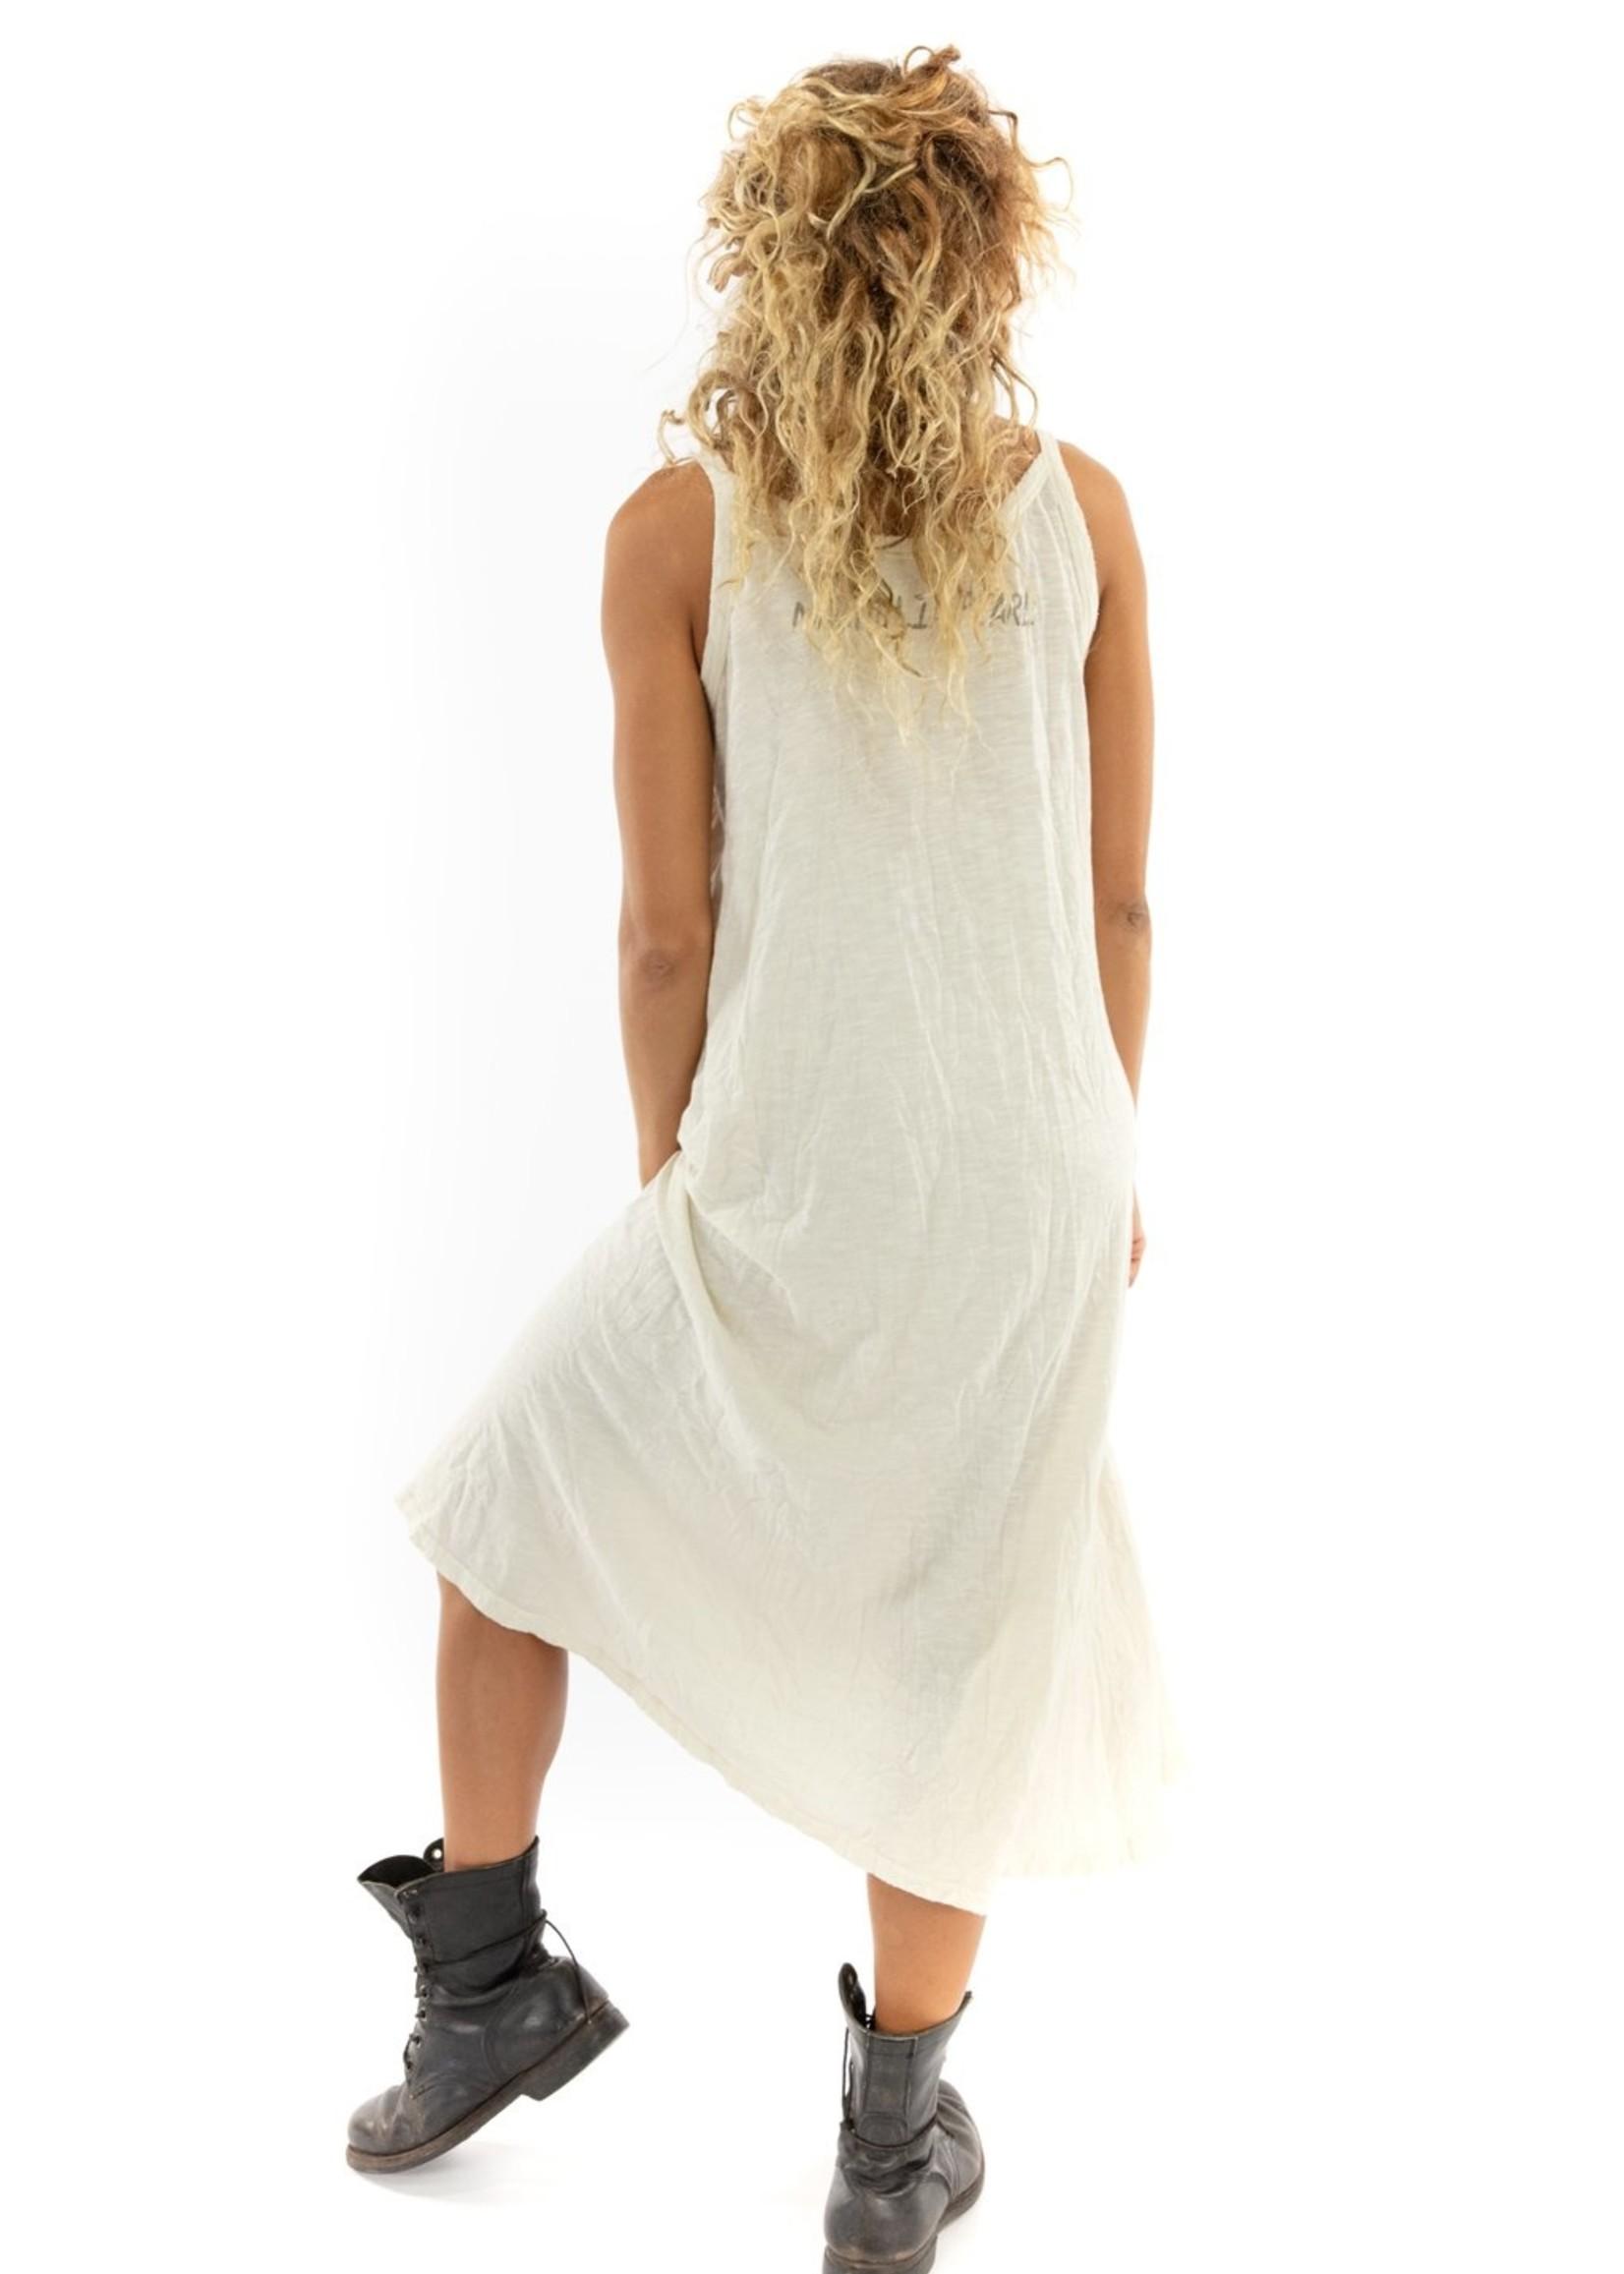 Magnolia Pearl Lana Tank Dress - Moonlight
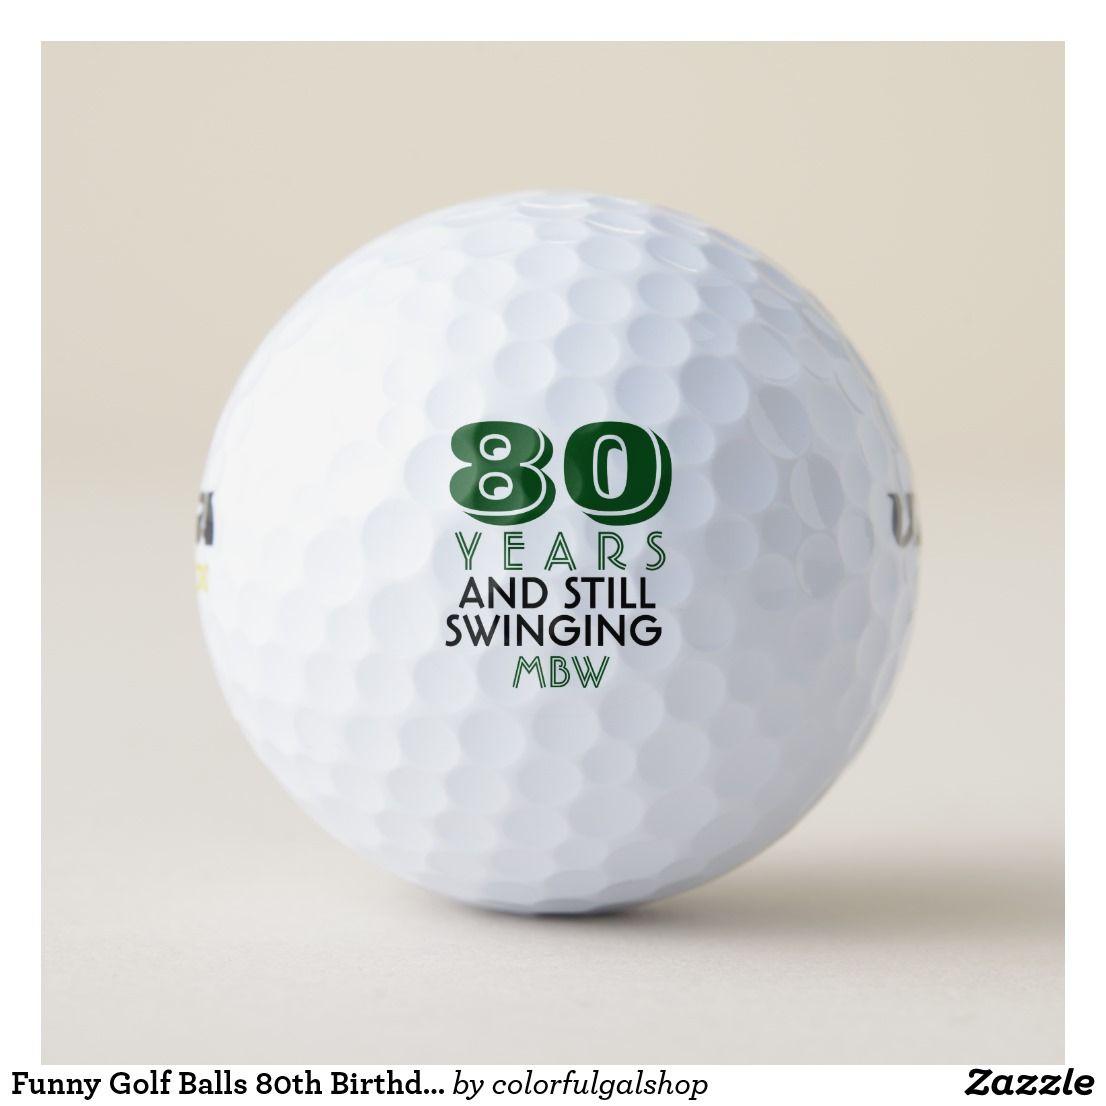 Funny Golf Balls 80th Birthday Party Monogrammed
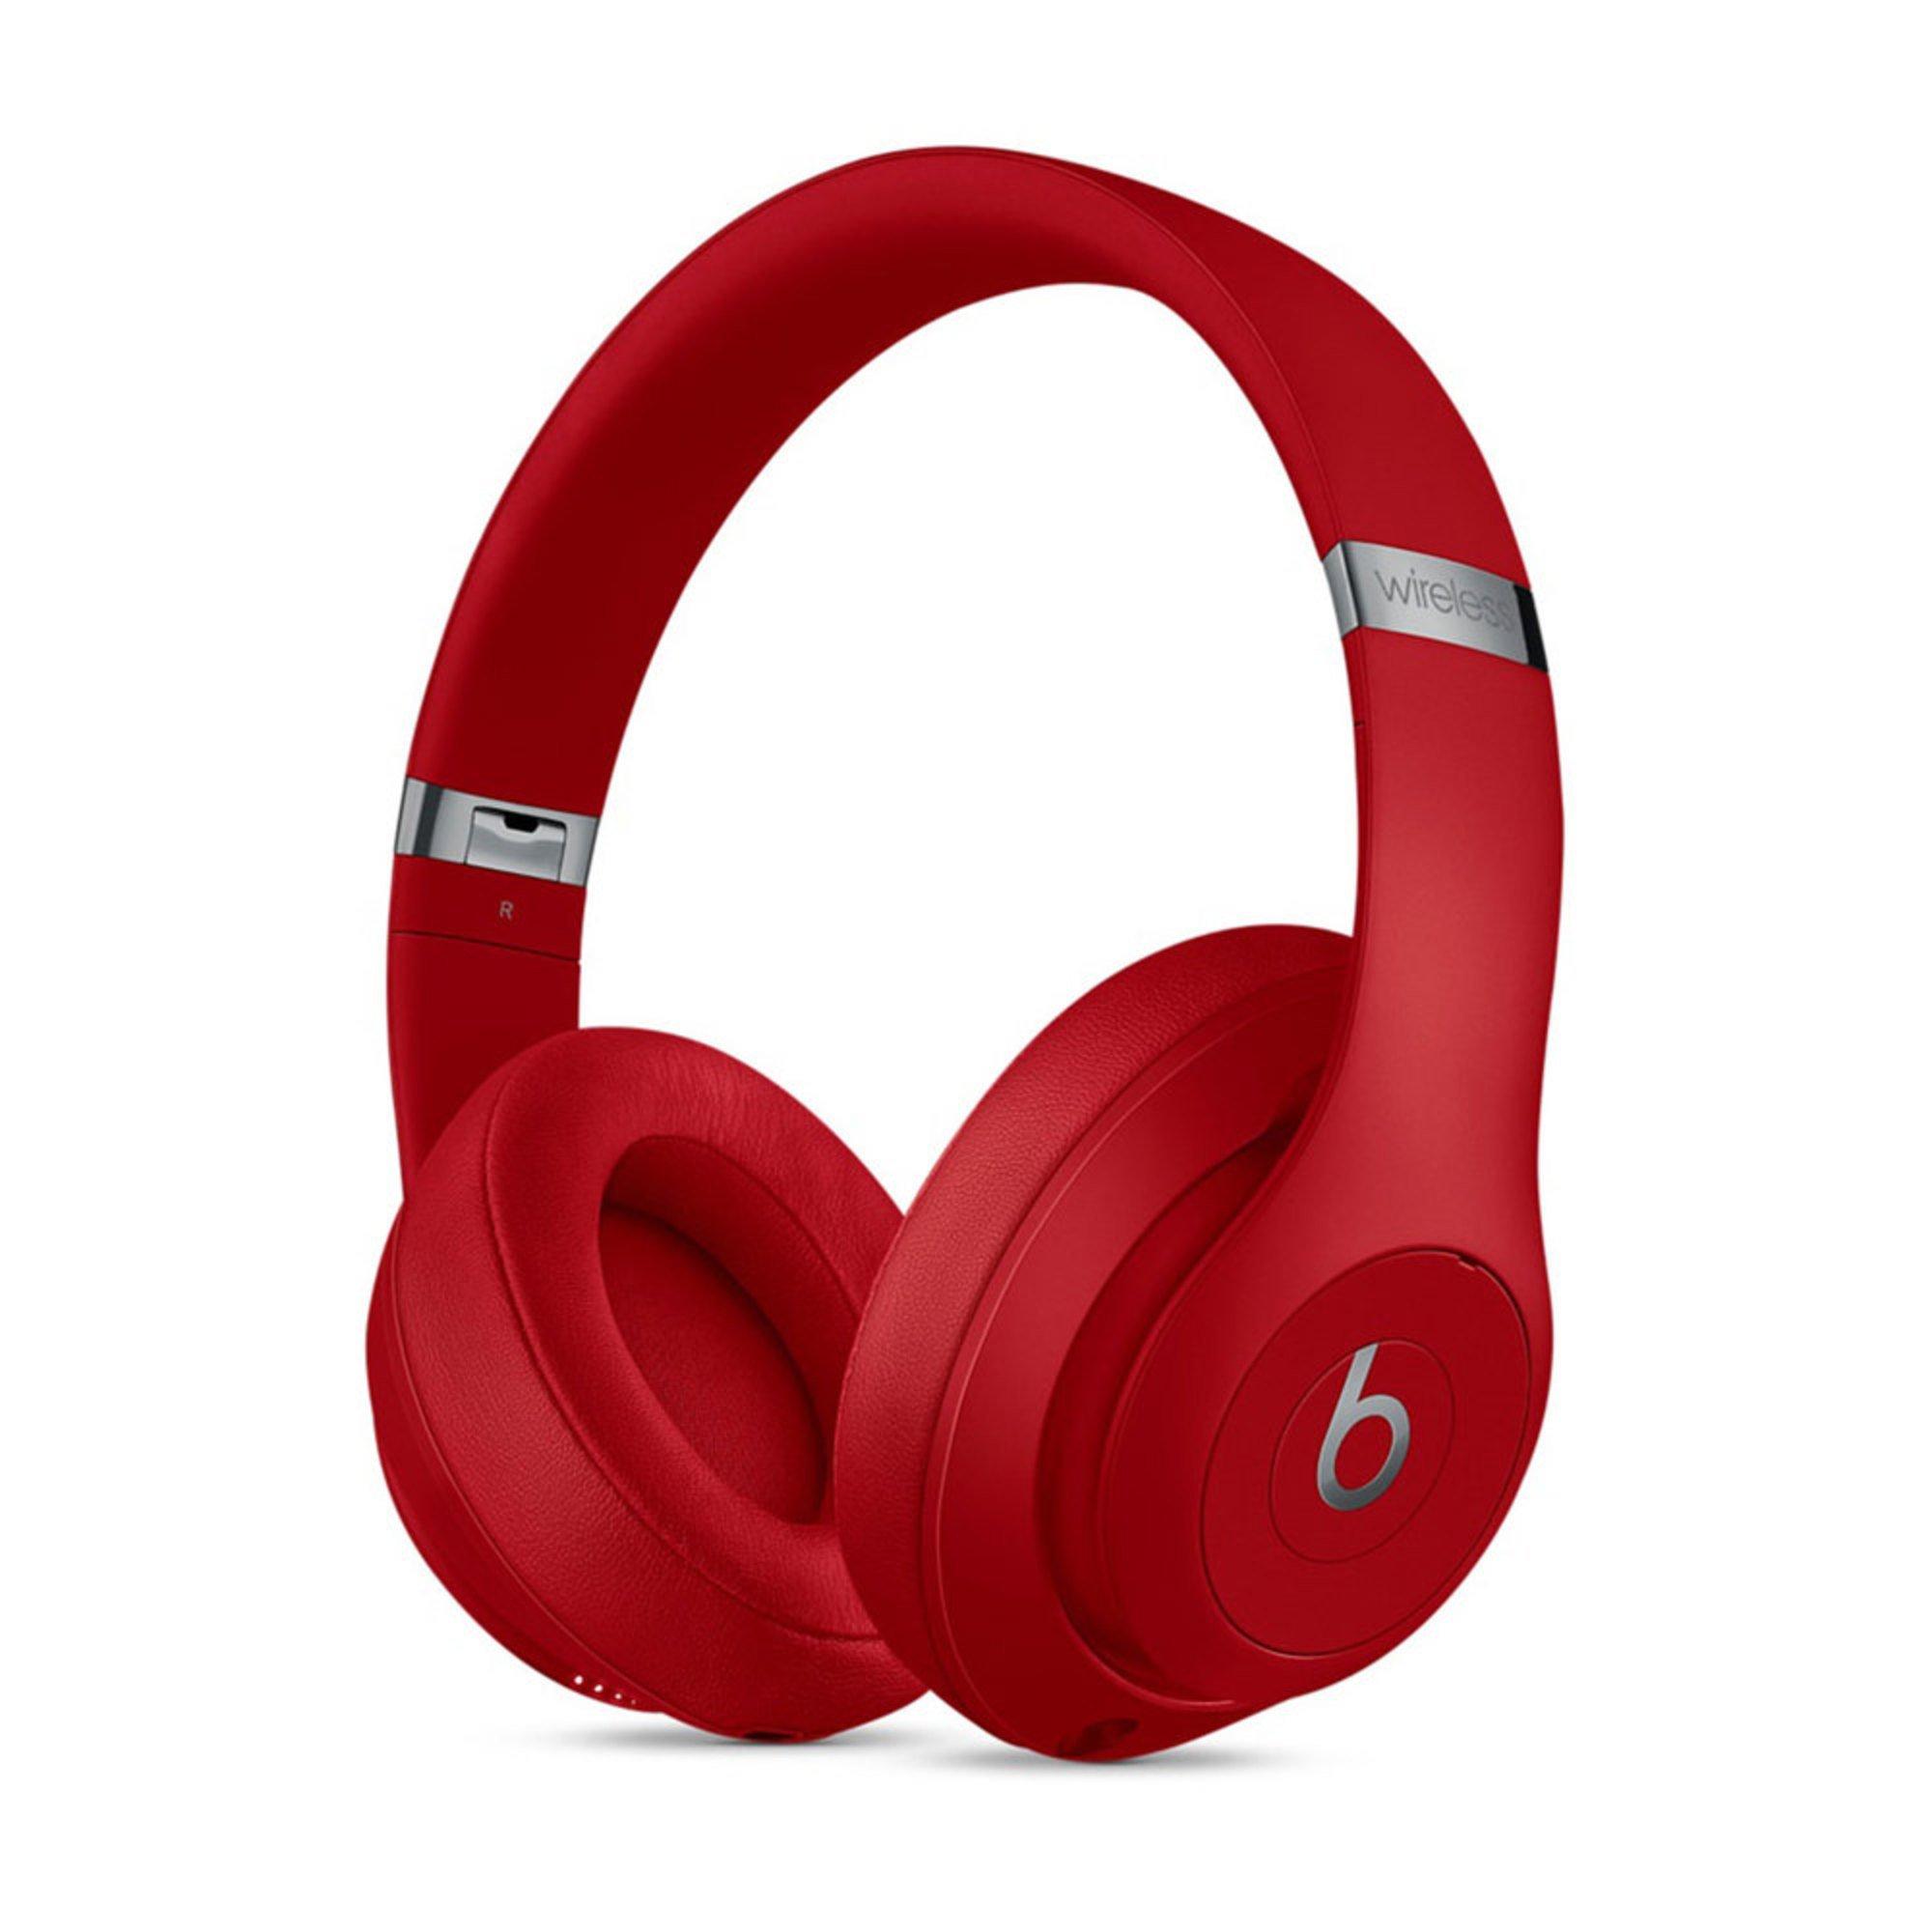 1bacb196dd5 Beats By Dre Studio 3 Wireless Headphones-red | Over-ear Headphones ...

**WORK INSTRUCTION**
Write out the whole listing verbatim, images excluded.

**RESPONSE AREA**
 Magnolia Pearl Lana Tank Dress - Moonlight
 Funny Golf Balls 80th Birthday Party Monogrammed
 1bacb196dd5 Beats By Dre Studio 3 Wireless Headphones-red | Over-ear Headphones ...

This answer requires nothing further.